- Born: Brooklyn, New York, US
- Education: Temple University Brown University
- Awards: Whipple Award (2007)
- Scientific career
- Fields: Planetary science
- Workplaces: Washington University in St. Louis
- Thesis: (1975)
- Doctoral advisor: Thomas A. Mutch
- Notable students: Bethany Ehlmann Sarah Stewart Johnson

= Raymond Arvidson =

Professor of Earth and Planetary Sciences

Raymond E. Arvidson is the James S. McDonnell Distinguished University Professor Emeritus in the Department of Earth, Environmental, and Planetary Sciences at Washington University in St. Louis. He is best known for his contributions to NASA missions to Mars, including as deputy director of the Mars Exploration Rovers.

== Education and career ==
Born in Brooklyn, New York, Arvidson moved with his family at the age of five to the Williamstown section of Monroe Township, Gloucester County, New Jersey, after his father's death and his mother's remarriage. Arvidson attended Williamstown High School, graduating in 1965. He earned a bachelor's degree in geology from Temple University in 1969, as well as his M.S. in 1971 and Ph.D. in 1975 from Brown University under the supervision of Thomas Mutch. He was the first person in his family to graduate from high school.
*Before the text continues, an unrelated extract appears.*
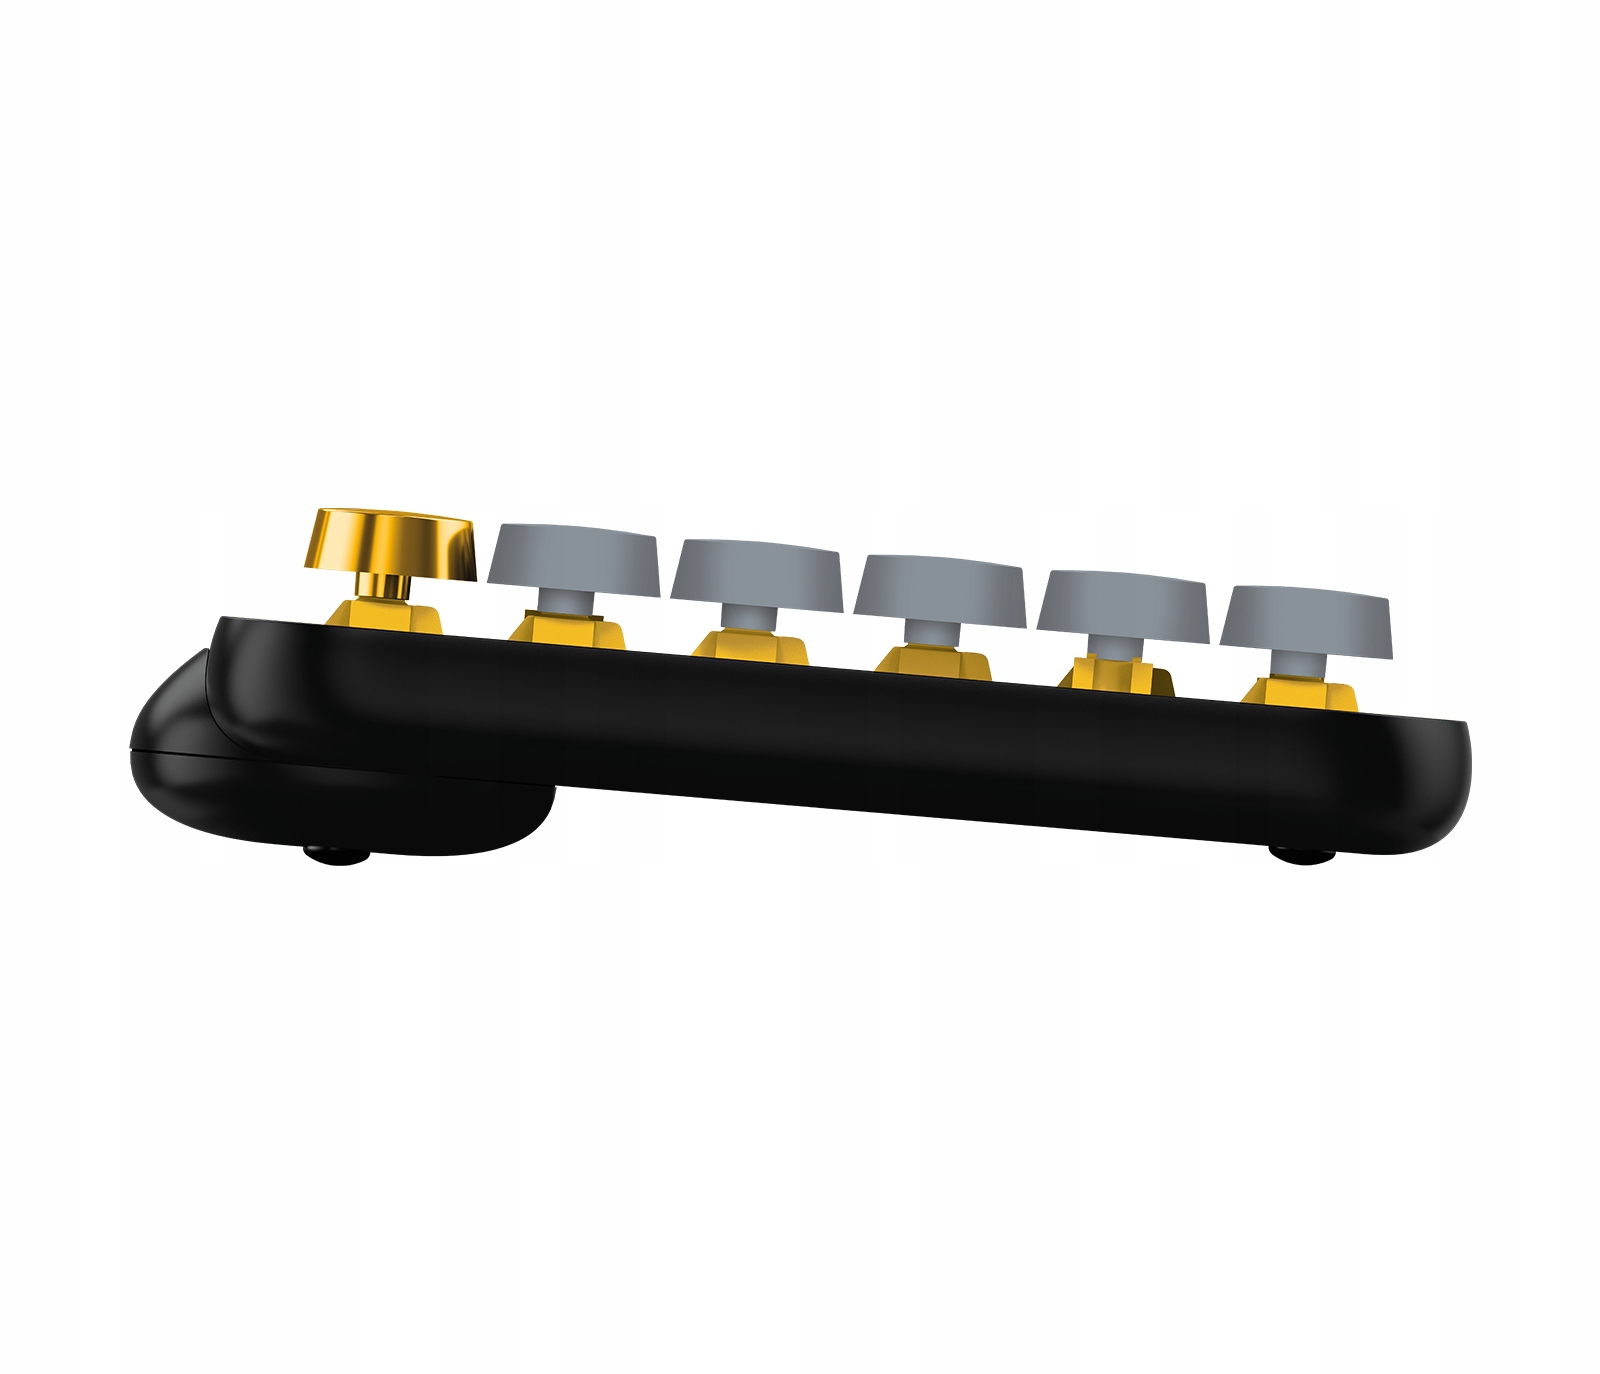 Clavier Logitech Mecanique Sans Fil POP Keys yellow avec Touches Emoji  Personnalisables, Bluetooth - 920-010722

Arvidson became an assistant professor at Washington University in St. Louis in 1974 and received promotions to full professor in 1984 and to McDonnell Distinguished Professor in 1998. He has served as chair of the Earth and Planetary Sciences Department in Arts and Sciences at Washington University in St. Louis. Arvidson "has been instrumental in developing and implementing both orbital and landed missions to the planets." He has received four NASA Public Service Medals and the Whipple Award of the American Geophysical Union. He is a fellow of the Geological Society of America and the American Geophysical Union.

Minor planet 397278 is named after Arvidson.

== Teaching and mentoring ==
Arvidson has received a number of teaching and advising awards, including Advisor of the Year, Student Union Professor of the Year, and the Outstanding Graduate Faculty Member Award from Washington University, as well as the Missouri Governor's Award for Excellence in Teaching. He directed the Pathfinder Program in Environmental Sustainability at Washington University, which had many notable alumni.